Ahora, la chavalería de todo el mundo, en cambio, graba canciones, raps, y melodías con mucho ritmo, desde las azoteas. Y se hacen quedadas en zoom, y se planifican futuros encuentros. Cuando se es joven, se puede esperar. El drama para ellos es que no pueden ver a sus amigos, o coger la moto, o jugar un partidillo, o que las clases o los erasmus han sido suspendidos. Esta es la primera guerra de la historia, en el Año Cero del nuevo conteo, en la que no son los chavales y los jóvenes quienes son enviados al frente de batalla, también cantando, carne de cañón para defender las ideas de los mayores, poderosos, serios y adustos mandarines, que son los que ahora caen en las trincheras.

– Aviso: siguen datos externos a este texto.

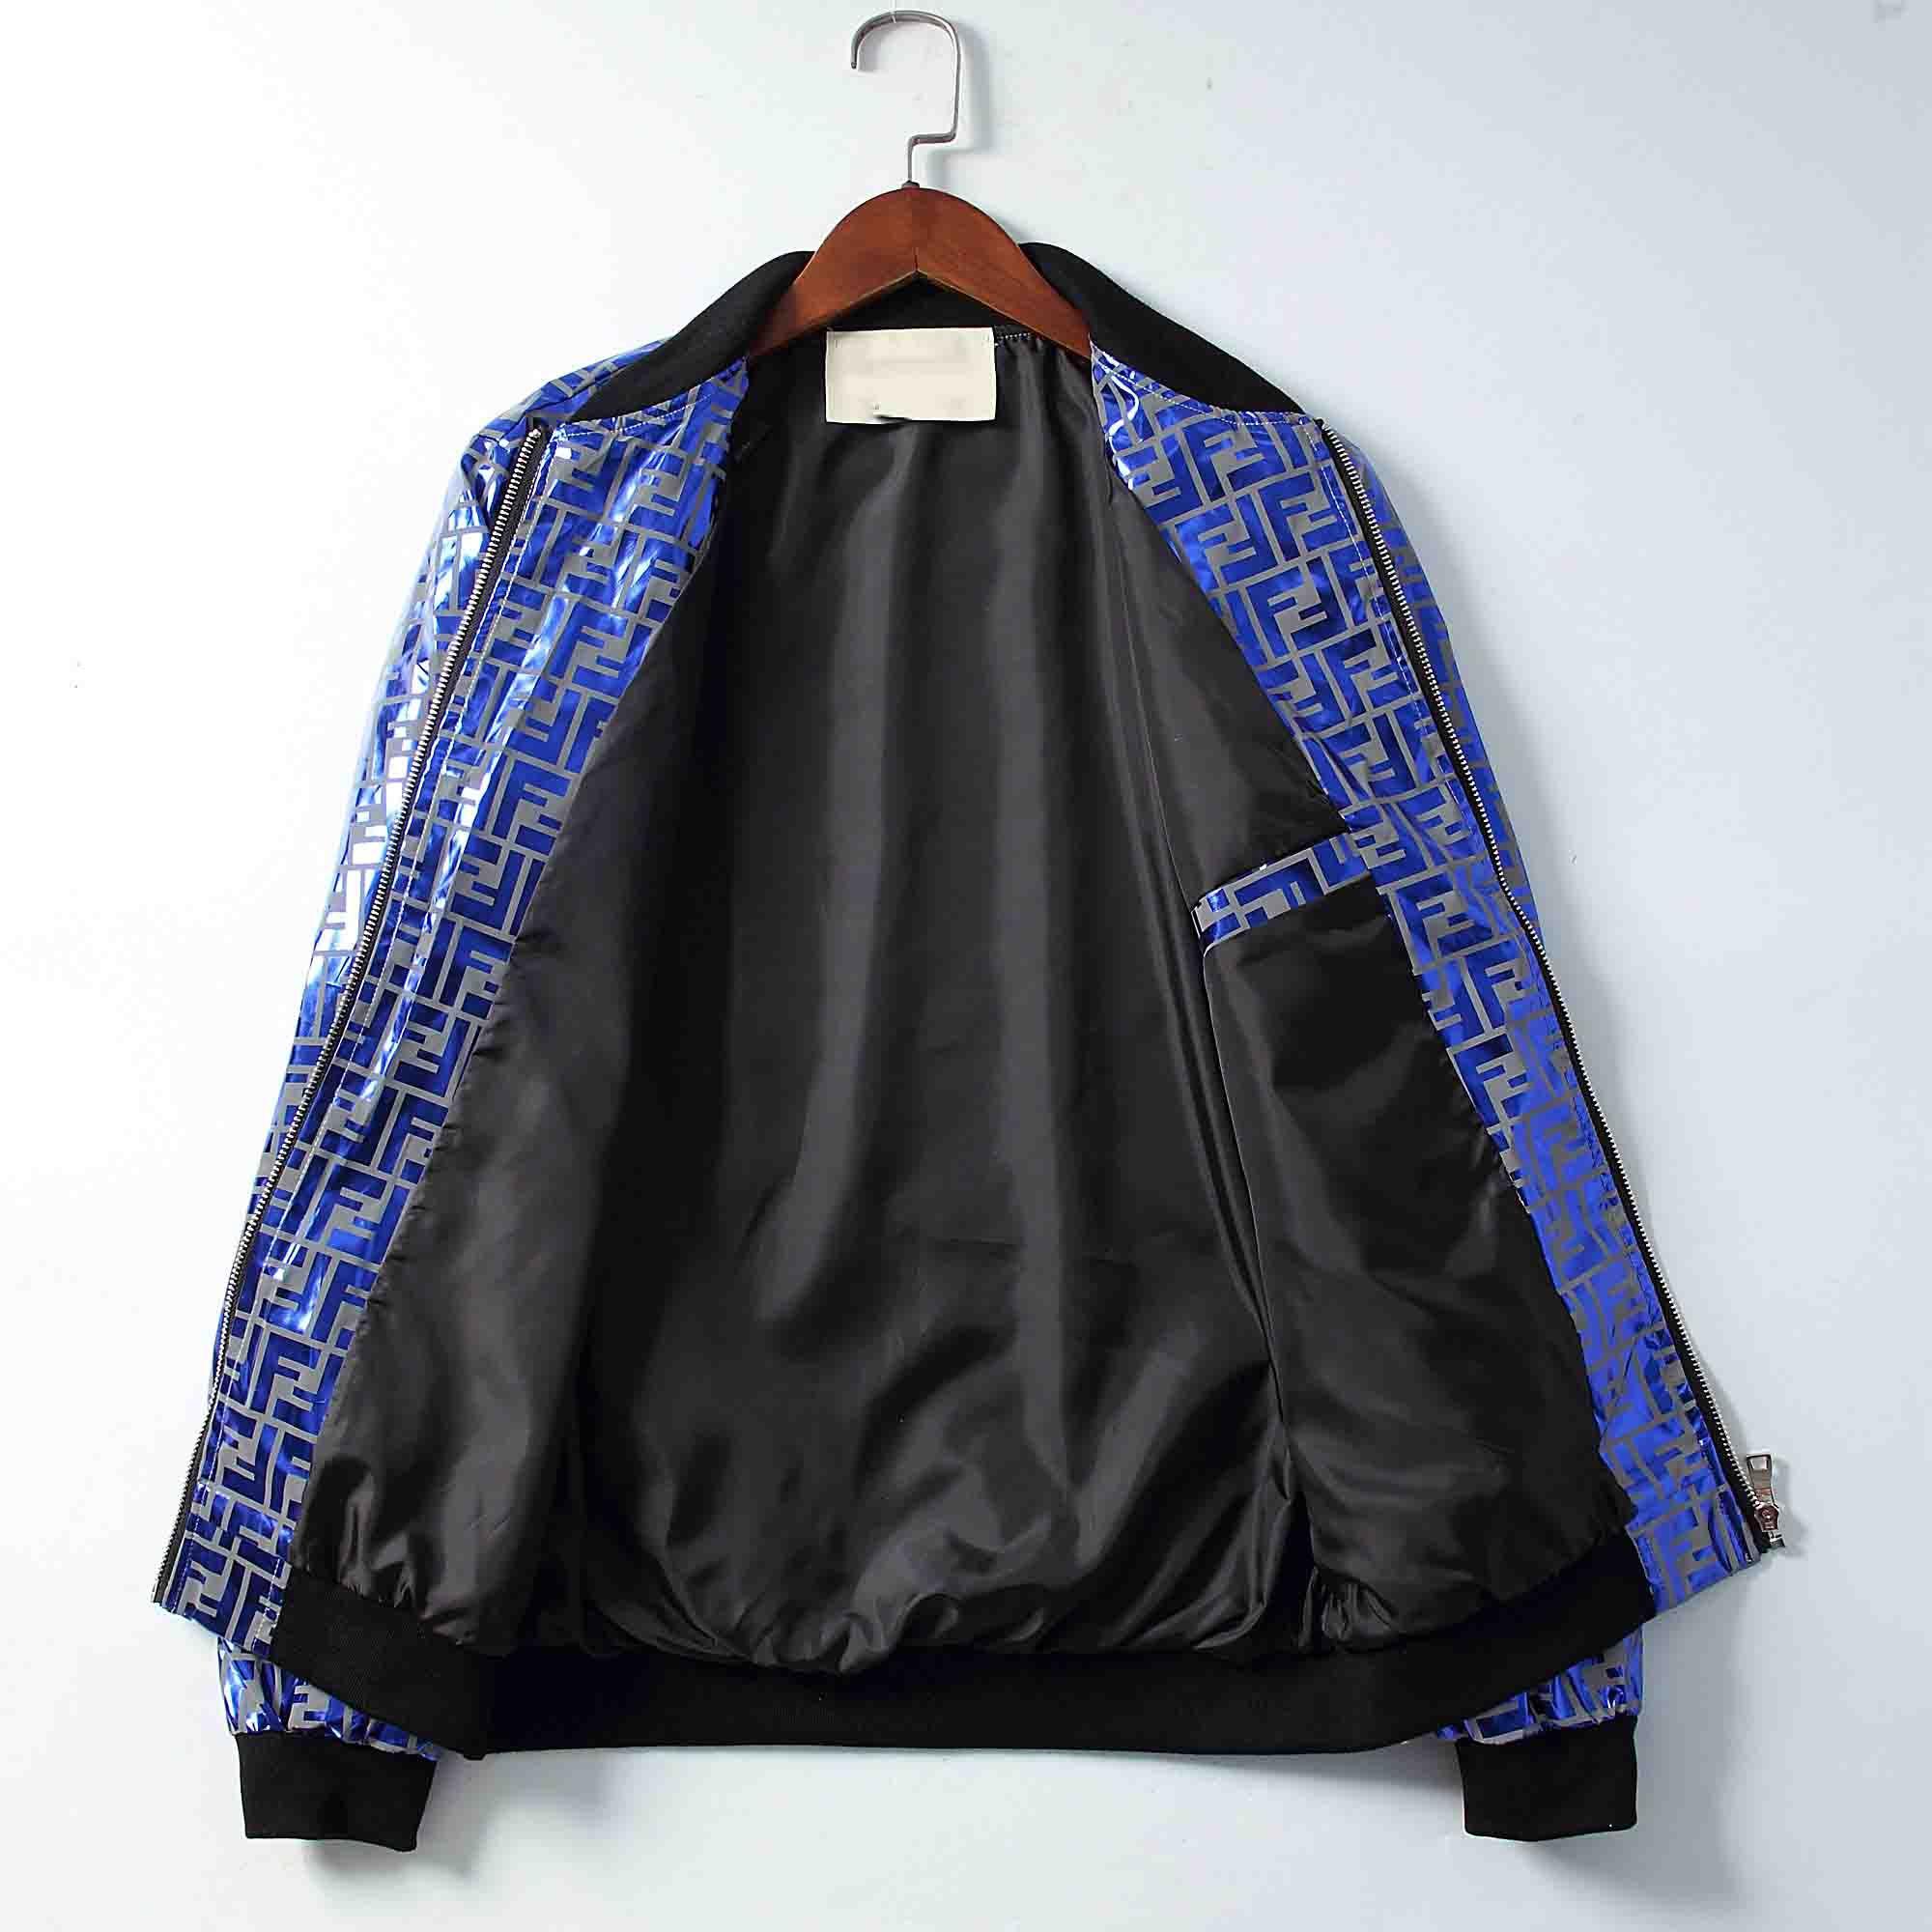 19 عاما من مصمم الأزياء brandmen دراجة نارية سترة طوق طية صدر السترة سليم الرجال عارضة الدنيم سترة الفاخرة الأزرق سترة قميص رجل

En esta Tercera Guerra Mundial, también, pasan otras cosas. En Moria, Isla de Lesbos, en Grecia, campamento de refugiados de otras guerras analógicas, los periodistas con conciencia nos recuerdan a los confinados permanentes, allí echados de la mano de Europa. Y es que Europa no está ni se la espera. Cada país, casi cada comunidad, cada pueblo, se tiene que defender con lo que tiene, pues poco o nada se espera de Bruselas, lejana capital imperial. Me recuerda esto algo a lo que hice referencia en mi ensayo sobre Adriano y su camino.
Para Roma, el nombre de Britania Secunda señalaba el confín del Imperio y de la civilización; más allá estaban los llamados bárbaros, pueblos de perdido origen. Caída Roma, y abandonada la frontera y su red de fortificaciones, los historiadores recogen la última y dramática comunicación directa del emperador Honorio, en torno al año 400 d. C., en la que conmina a los romanizados ingleses a la autodefensa, puesto que el Imperio ya no era capaz de asistirlos, y de enviar tropas a la isla para defenderla del pasacalle de pueblos bárbaros, anglos, sajones, jutos, que iban llegando a esas tierras, y de los otros germanos que acabaron por arrasar la propia Roma.
Años después, Beda el Venerable, el cultísimo monje benedictino, recoge la tradición de tres peticiones dirigidas a Roma, en la que los romanizados brittons solicitan que les envíen ayuda y una legión para defenderse. Pero Beda también informa que, al final, Roma les viene a decir que son ya ellos quienes deben designar capitanes, armarse y defender sus vidas y haciendas, por su cuenta. Uno de esos capitanes, Ambrosius Aurelianus, será el trasunto del futuro Artús. Pues este momento, en el que cada uno tenía que velarse por su cuenta, es cuando nace el mito de Arturo. Así estamos ahora, cada palo que aguante su vela.
Declarada la Tercera Guerra Mundial, nieva en Madrid. Lissie, tumbada, no quiere salir. Prefiere su camita, a mi vera. Detesta la lluvia y el frío, y eso que se supone que es una perra ovejera. Pero uno es lo que ha sido en vida, no lo que fueron sus antepasados. Así que pese a haber nacido y vivido diez años en La Montaña de Cantabria, prefiere el sol de Madrid, ciudad golpeada, y esos días azules de antes en los que íbamos a levantar conejos, siempre sin éxito. Expediciones de las que regresábamos a casa con la moral alta, fracasados pero inasequibles al desaliento, que es lo que ahora nos piden los noticieros y los boletines de guerra.